[DATA SECTION]
____

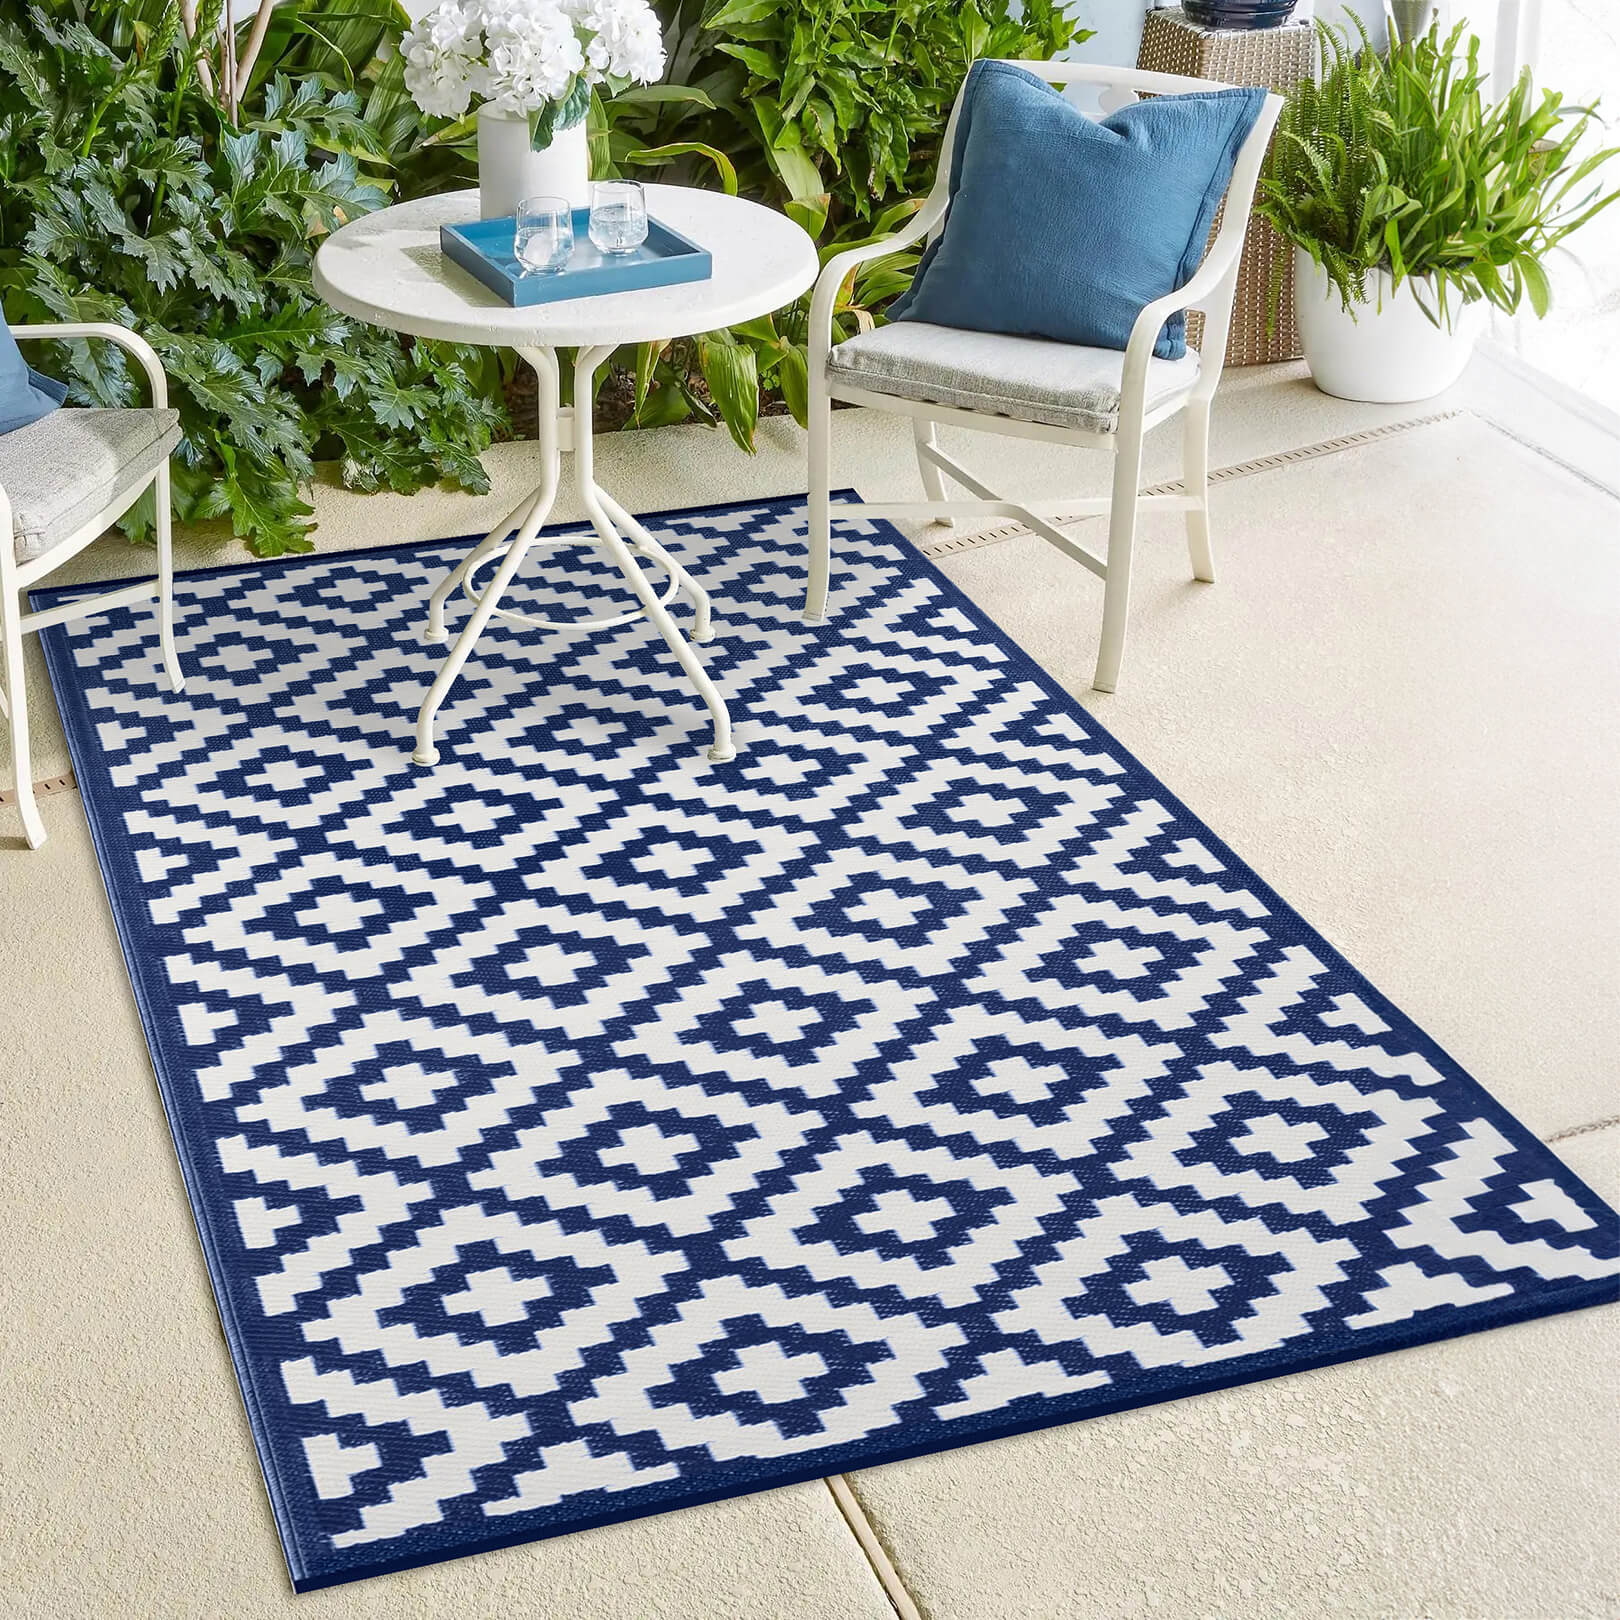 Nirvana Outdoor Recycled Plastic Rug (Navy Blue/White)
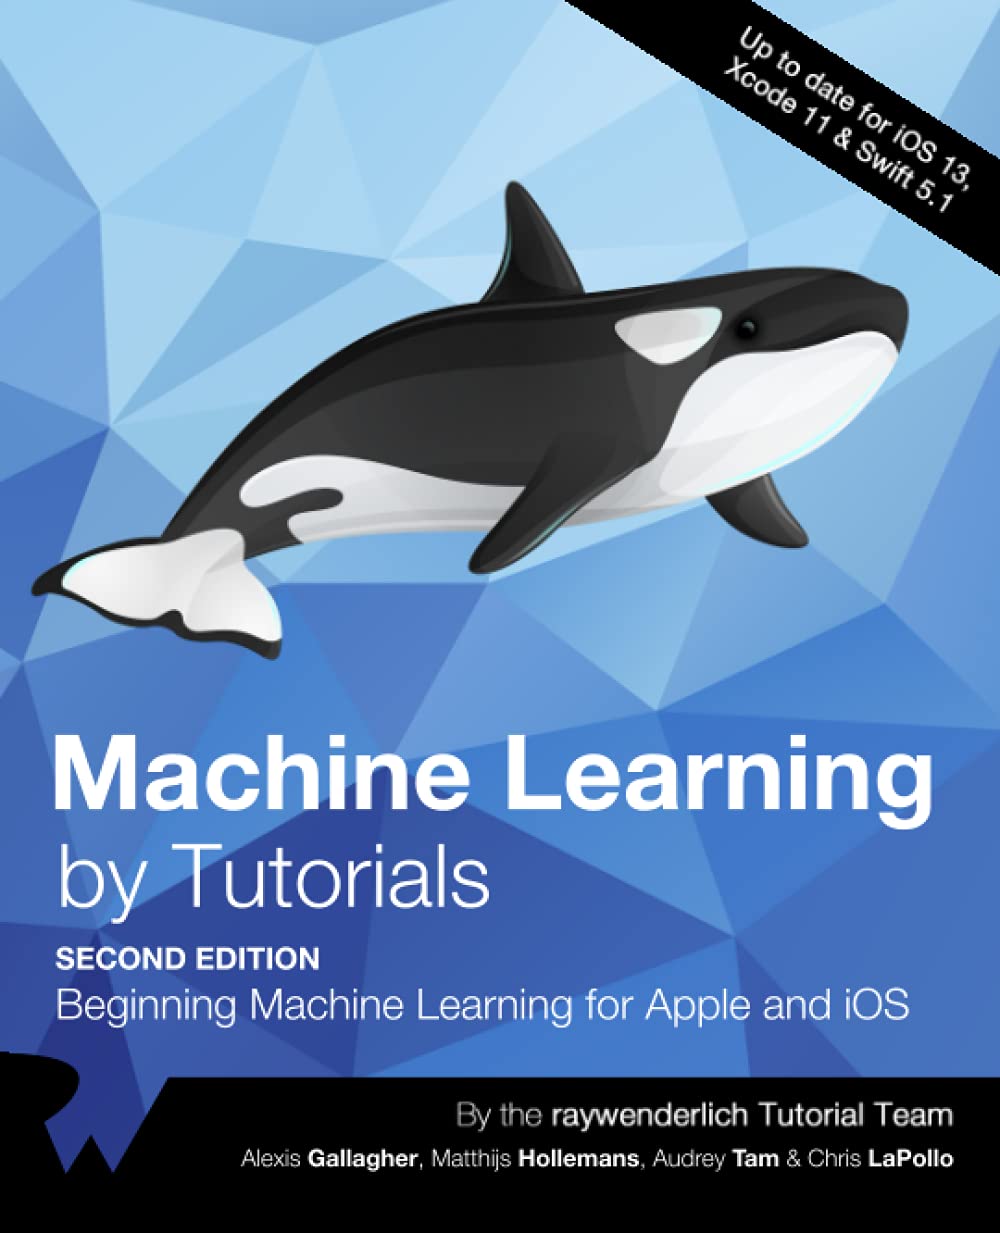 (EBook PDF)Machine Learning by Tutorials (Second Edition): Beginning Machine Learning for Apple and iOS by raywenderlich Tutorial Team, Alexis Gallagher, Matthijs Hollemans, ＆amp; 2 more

____

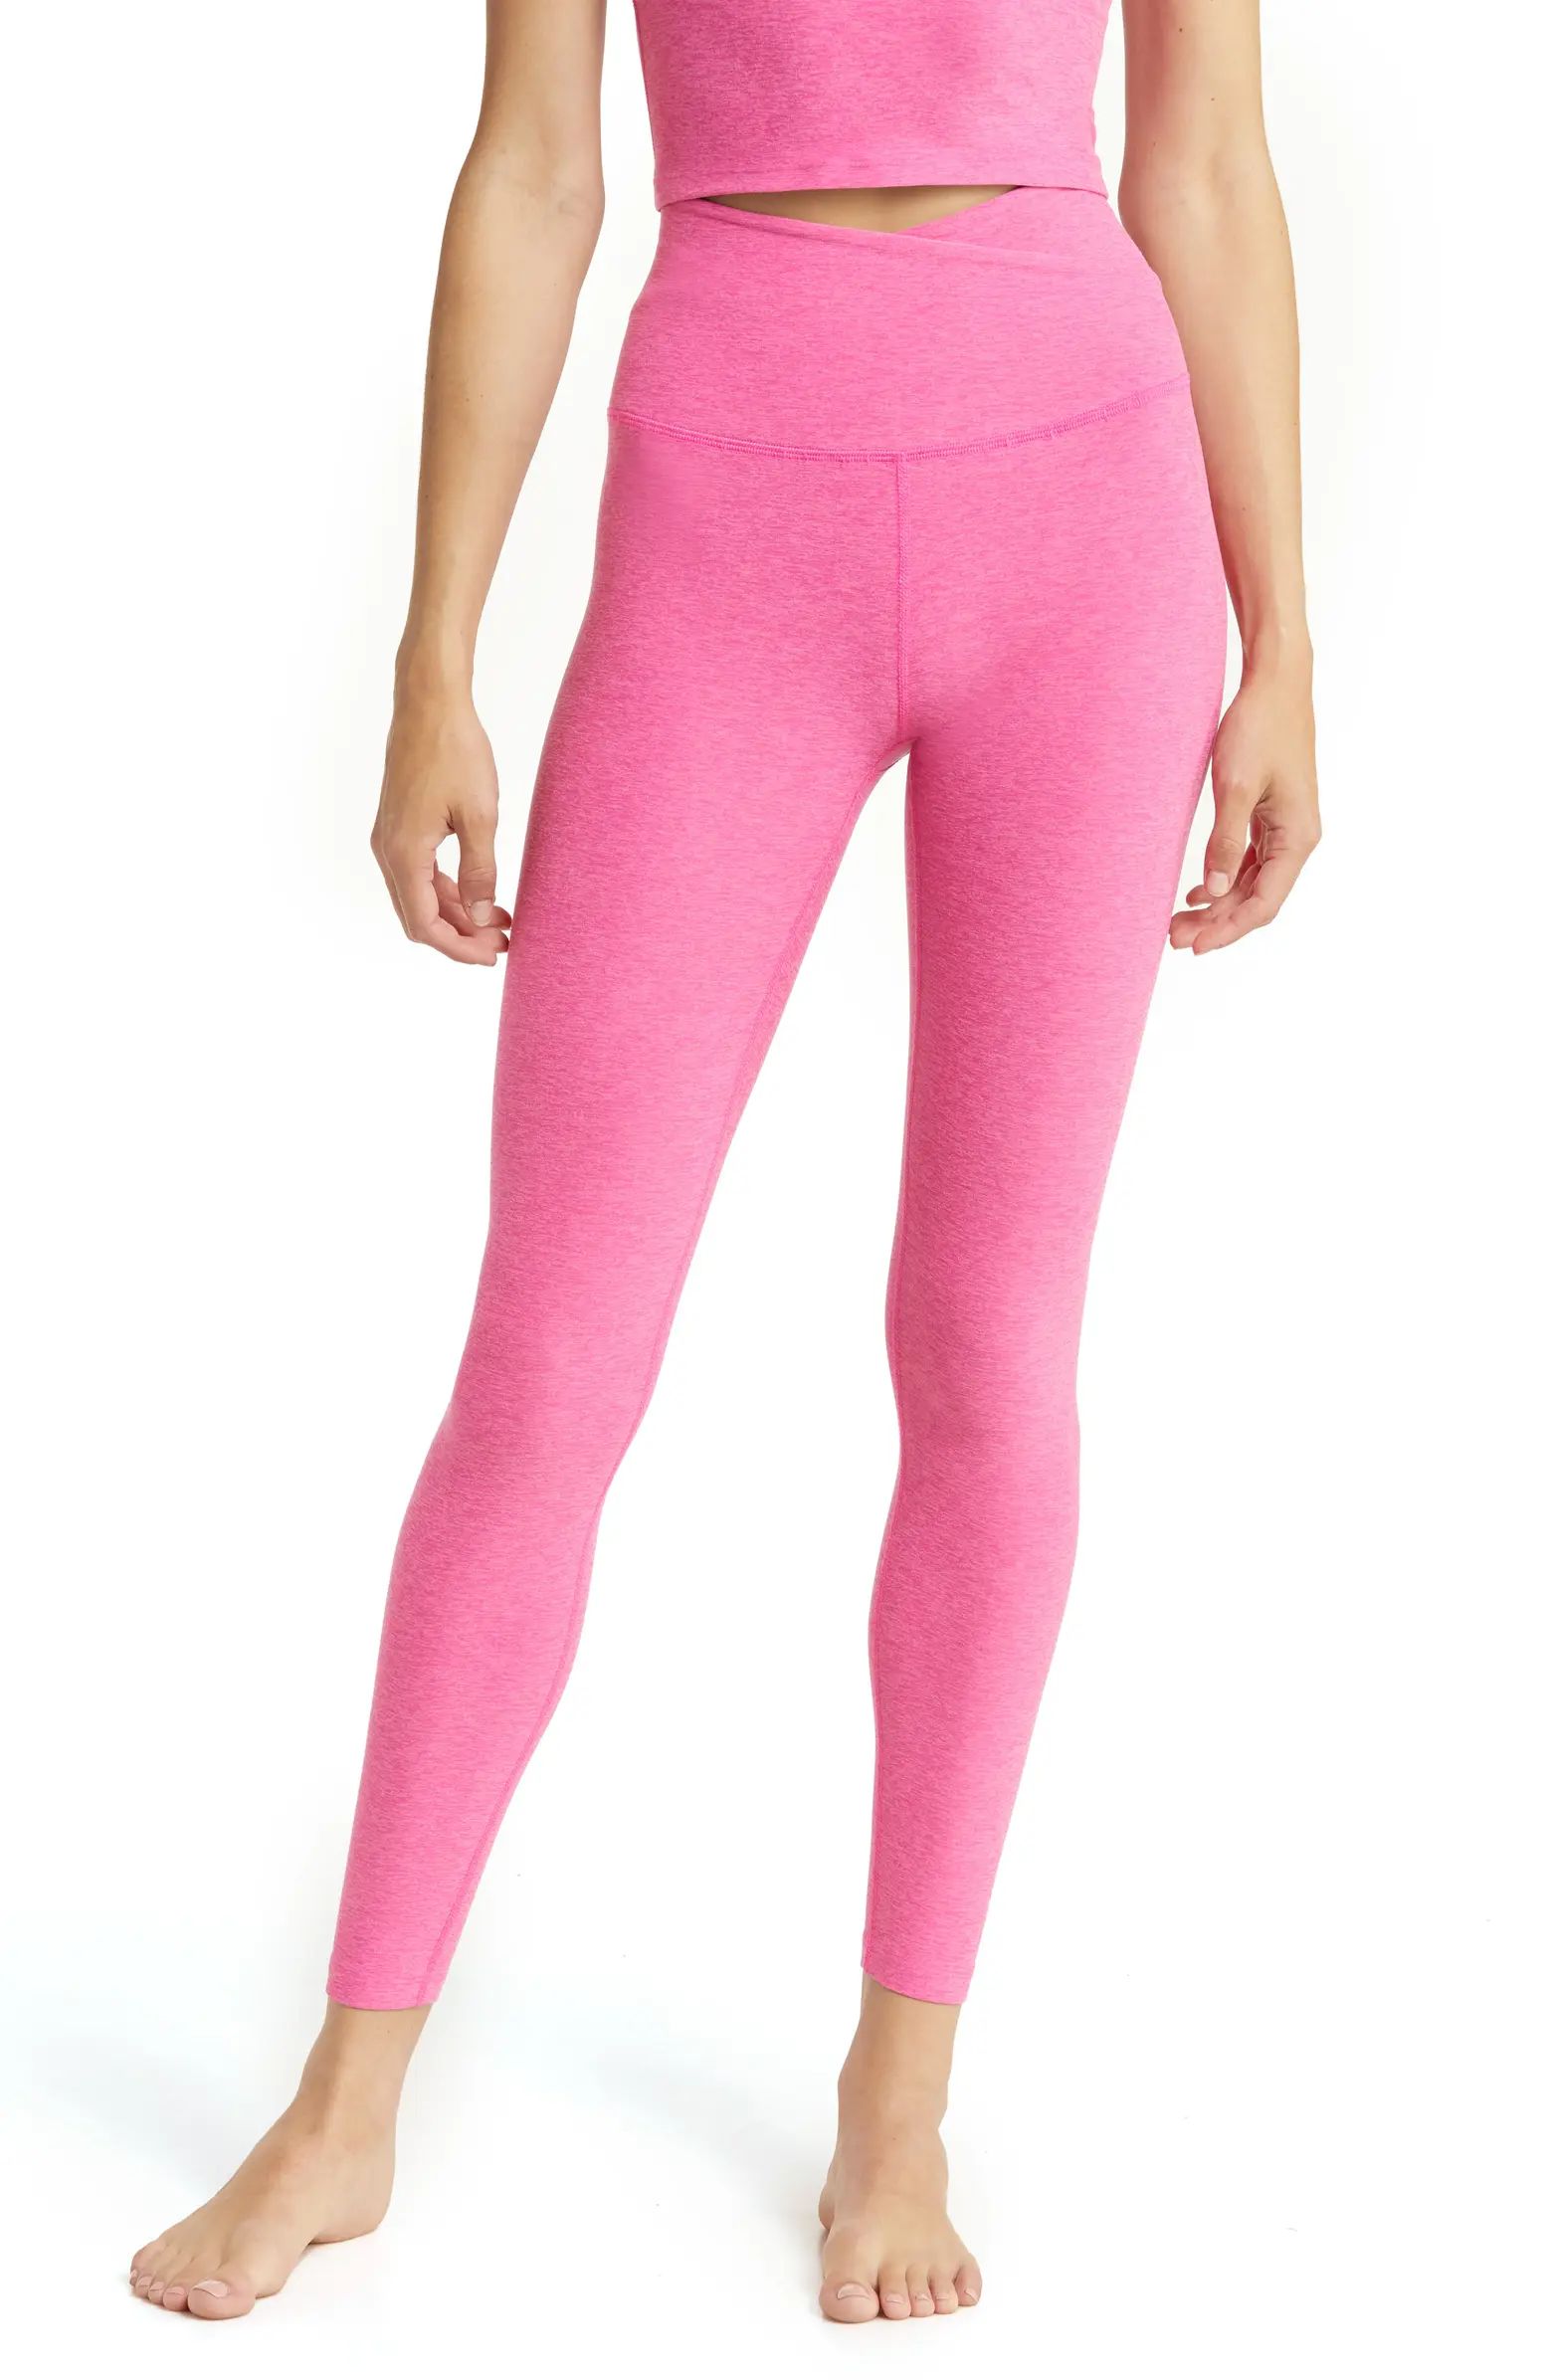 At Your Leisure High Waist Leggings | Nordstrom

____

[WHAT YOU SHOULD DO]
In the records above, find the line containing "Nirvana Outdoor Recycled" and the line containing "(EBook PDF)Machine Learning", then give both of them again word for word along with every line between. Omit any pictures.

[FINISHED EXERCISE]
 Nirvana Outdoor Recycled Plastic Rug (Navy Blue/White)
 (EBook PDF)Machine Learning by Tutorials (Second Edition): Beginning Machine Learning for Apple and iOS by raywenderlich Tutorial Team, Alexis Gallagher, Matthijs Hollemans, ＆amp; 2 more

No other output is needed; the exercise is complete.